Please transcribe every entry below exactly, without including the pictures.

** SOURCE MATERIAL follows **

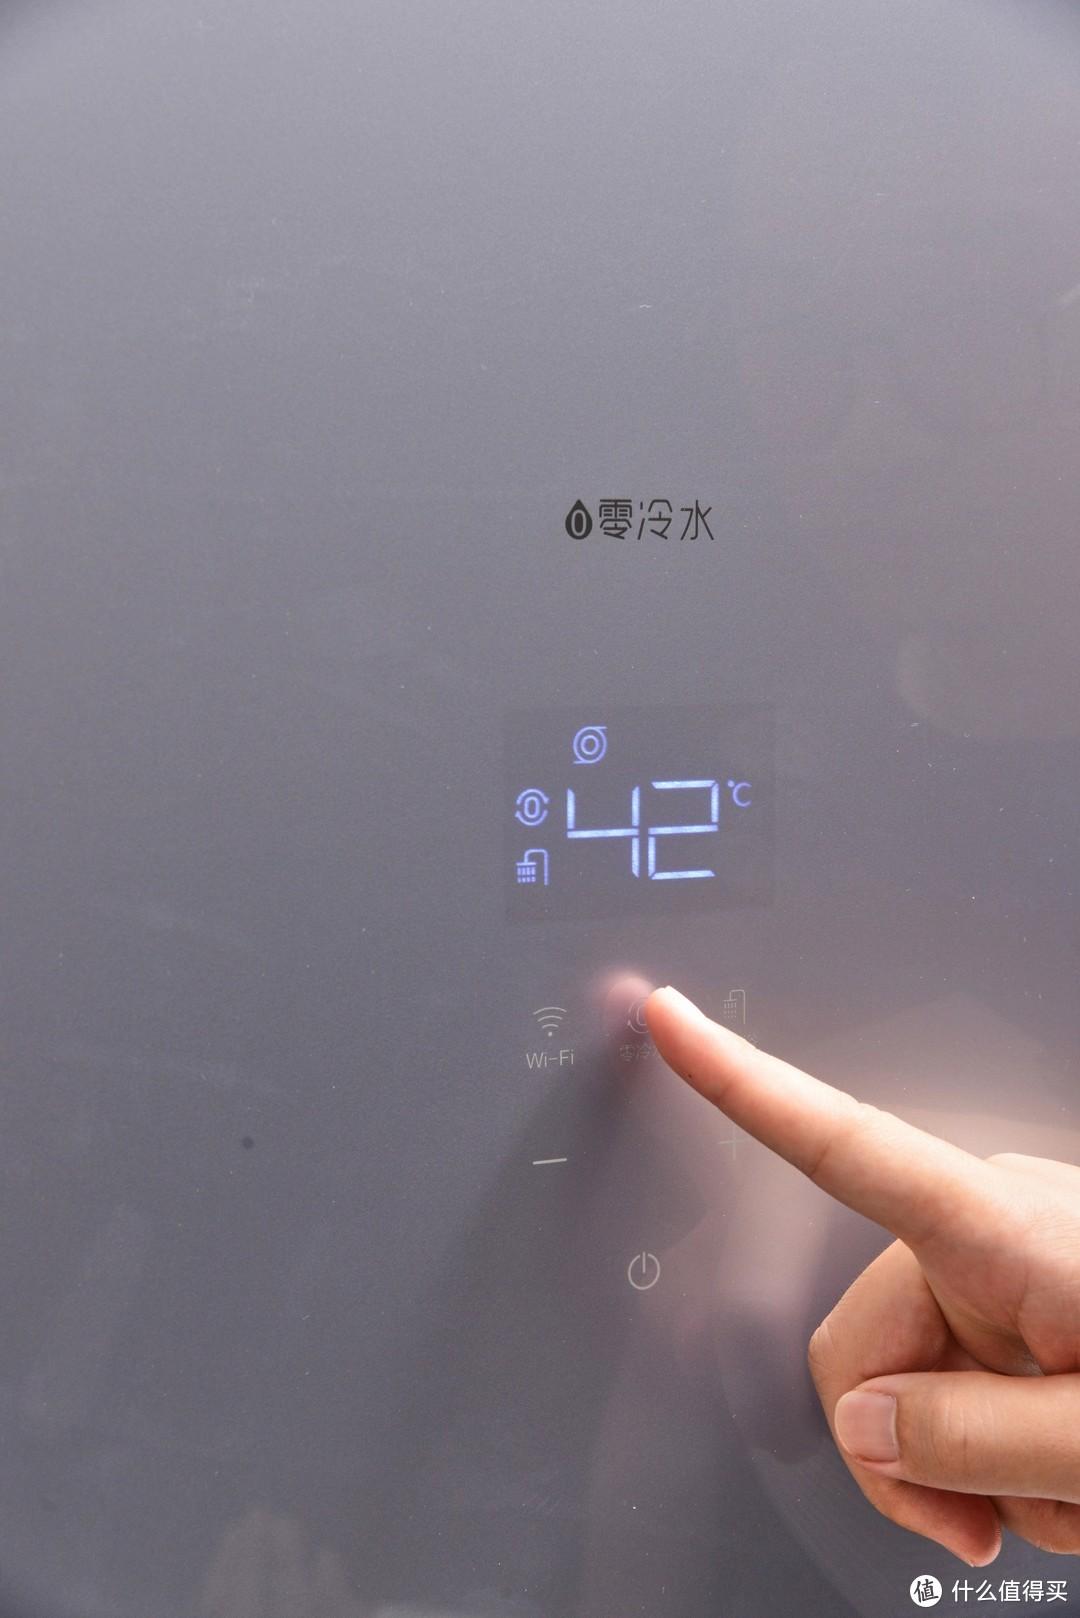 一键实现零冷水,享受热水澡自由
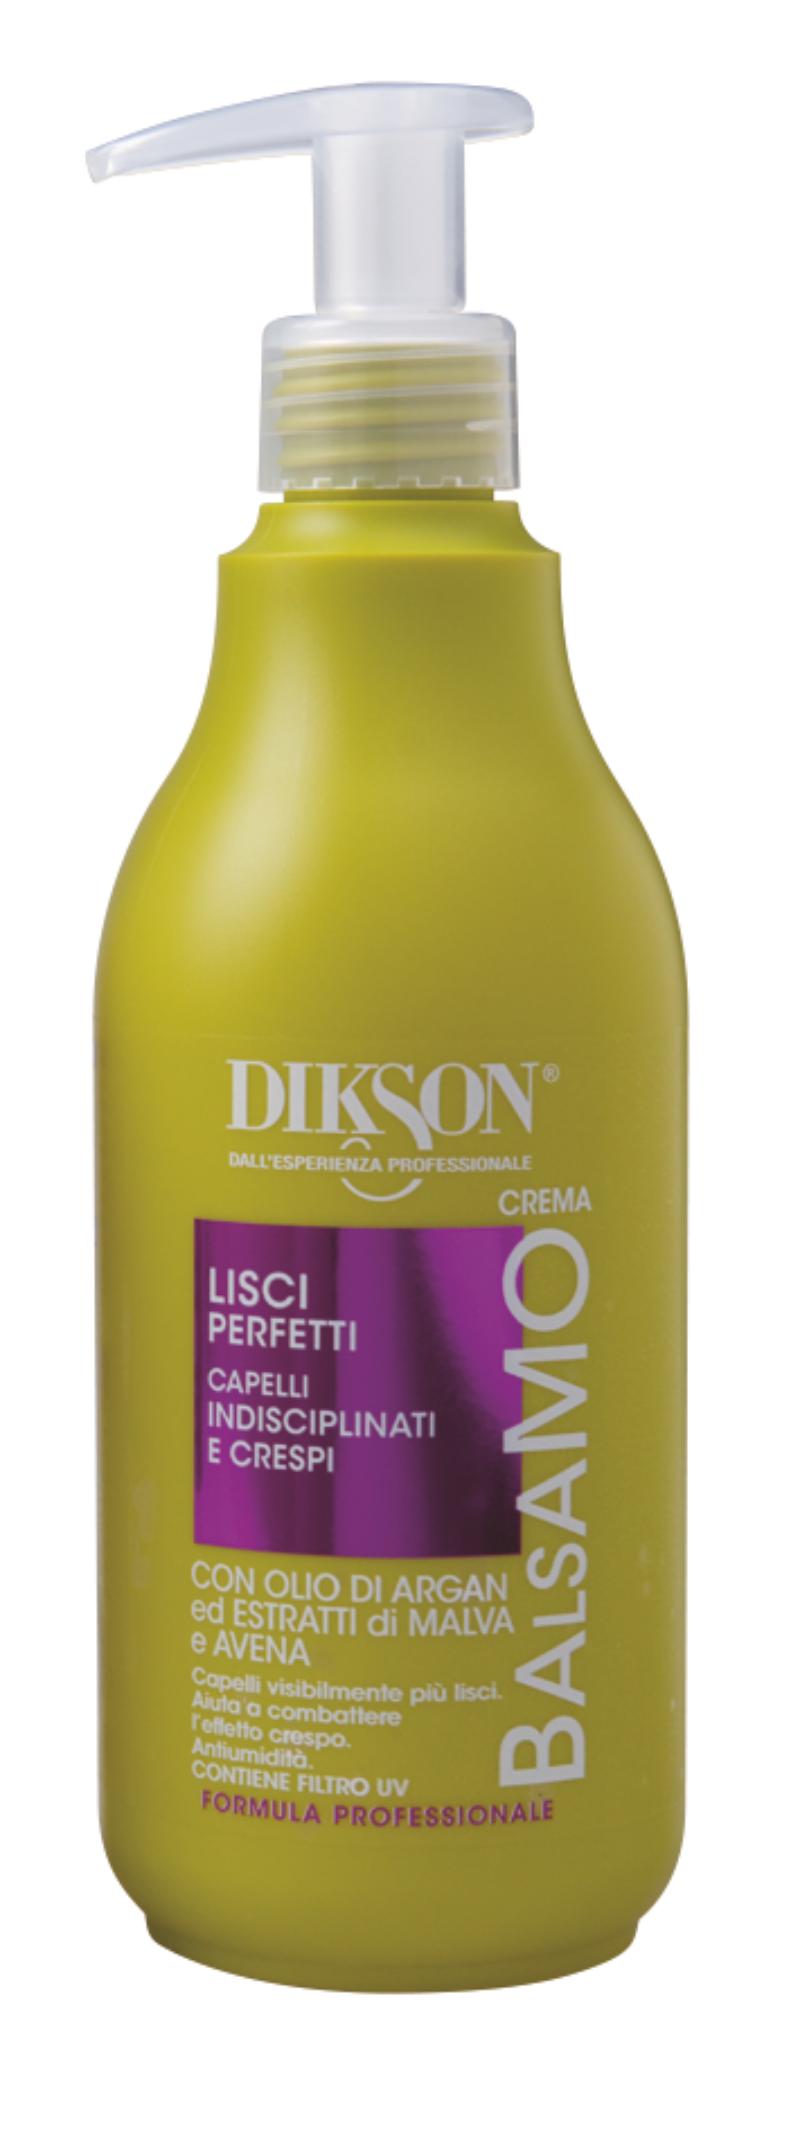 Crema-Balsamo-500-ML-LISCI-PERFETTI
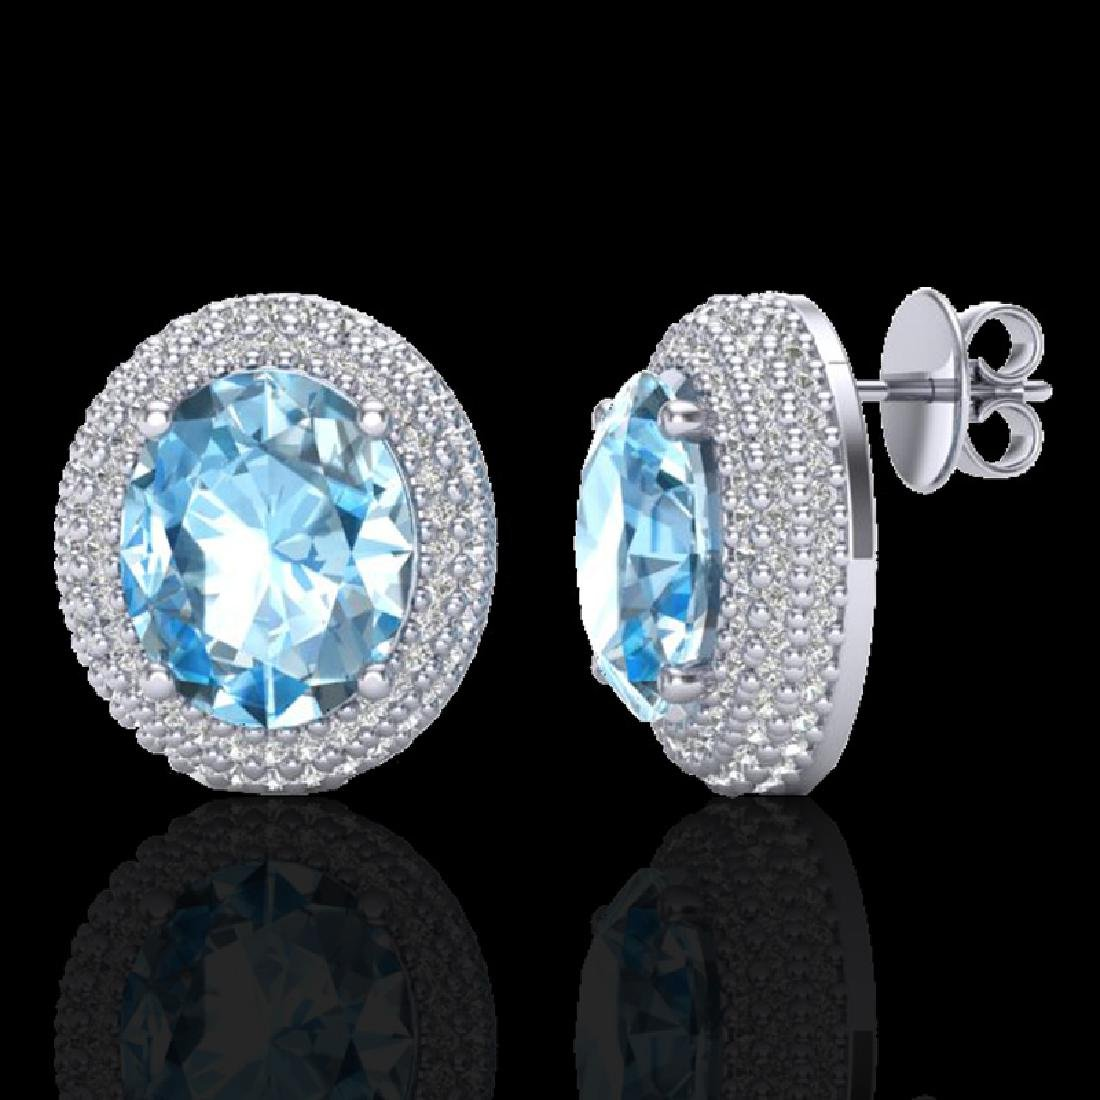 10 CTW Sky Blue Topaz & Micro Pave VS/SI Diamond - 2
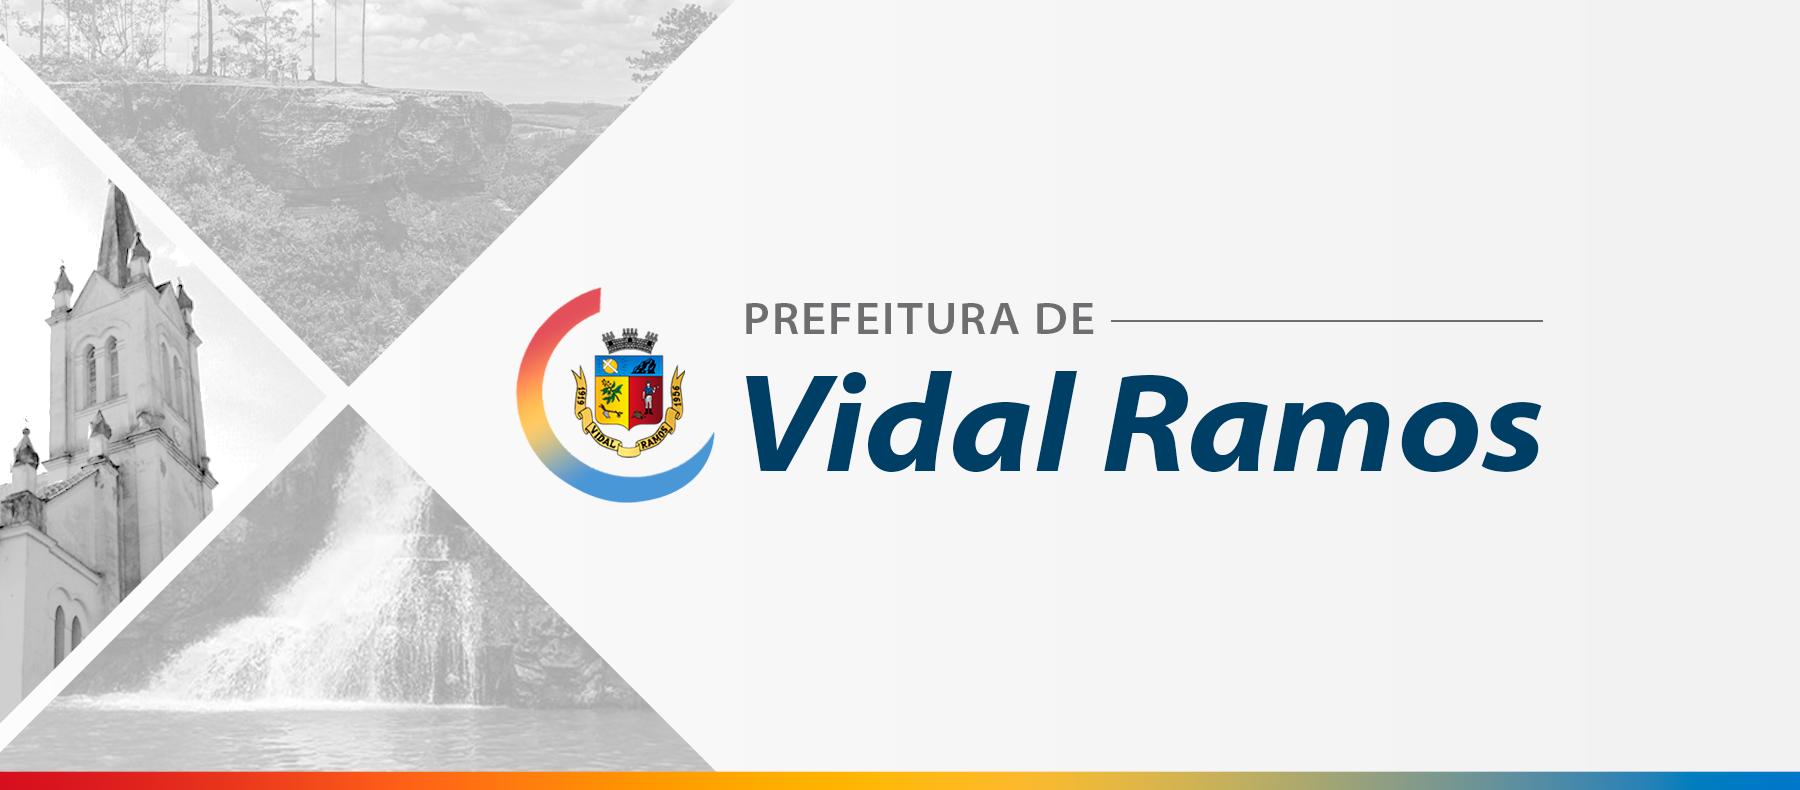 Vidal Ramos acompanha evolução do coronavírus e segue orientações do Governo do Estado
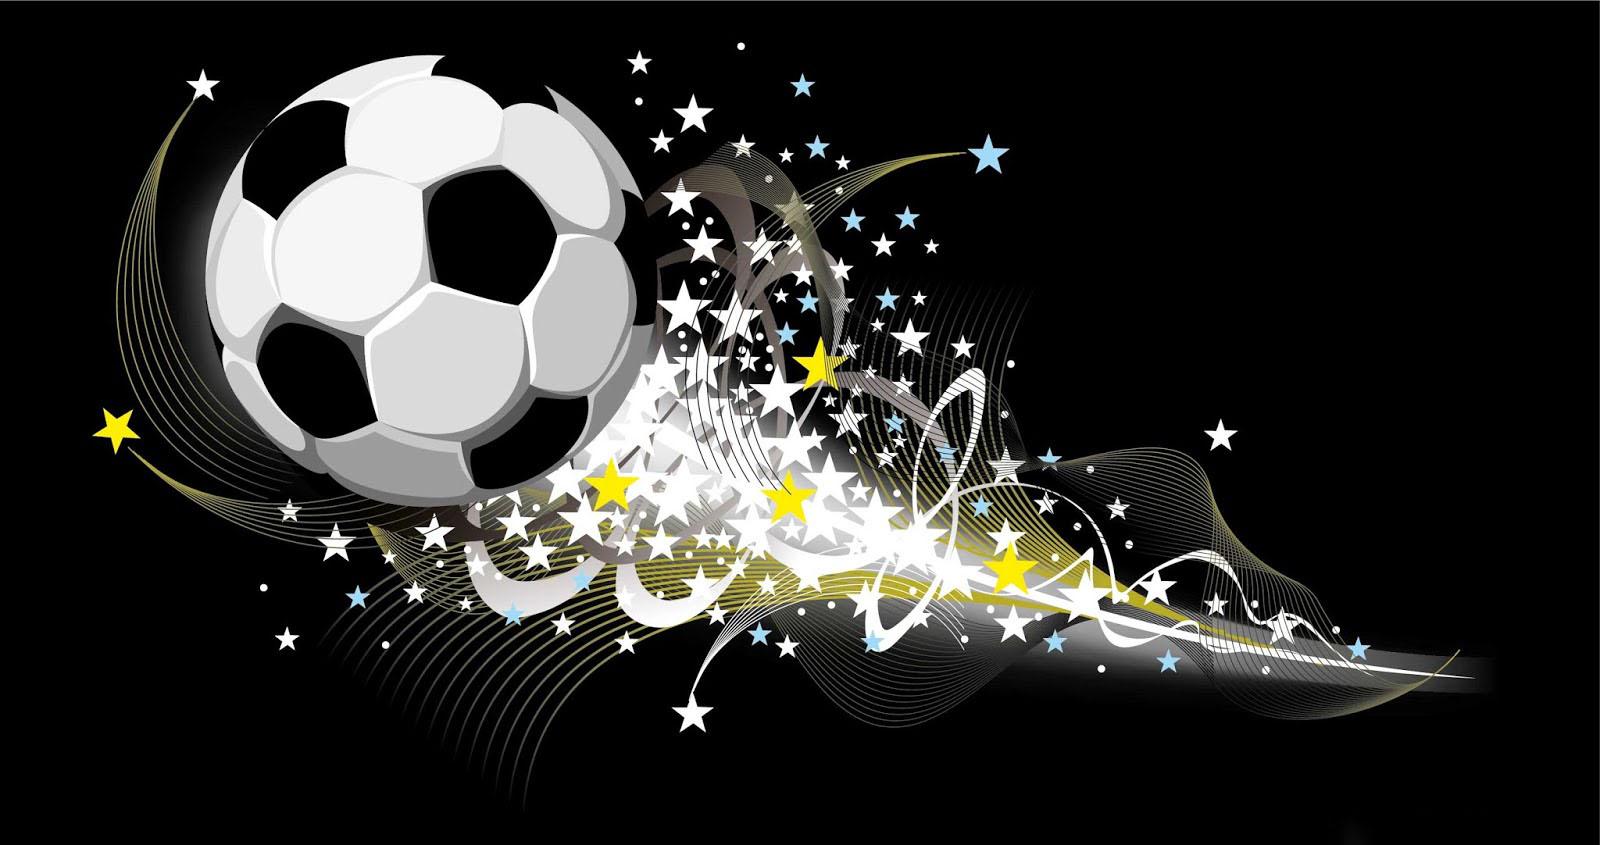 Background bóng đá 3D

** End of SOURCE MATERIAL **

TASK ANSWER =
 一键实现零冷水,享受热水澡自由
 Crema-Balsamo-500-ML-LISCI-PERFETTI
 10 CTW Sky Blue Topaz & Micro Pave VS/SI Diamond - 2
 Vidal Ramos acompanha evolução do coronavírus e segue orientações do Governo do Estado
 Background bóng đá 3D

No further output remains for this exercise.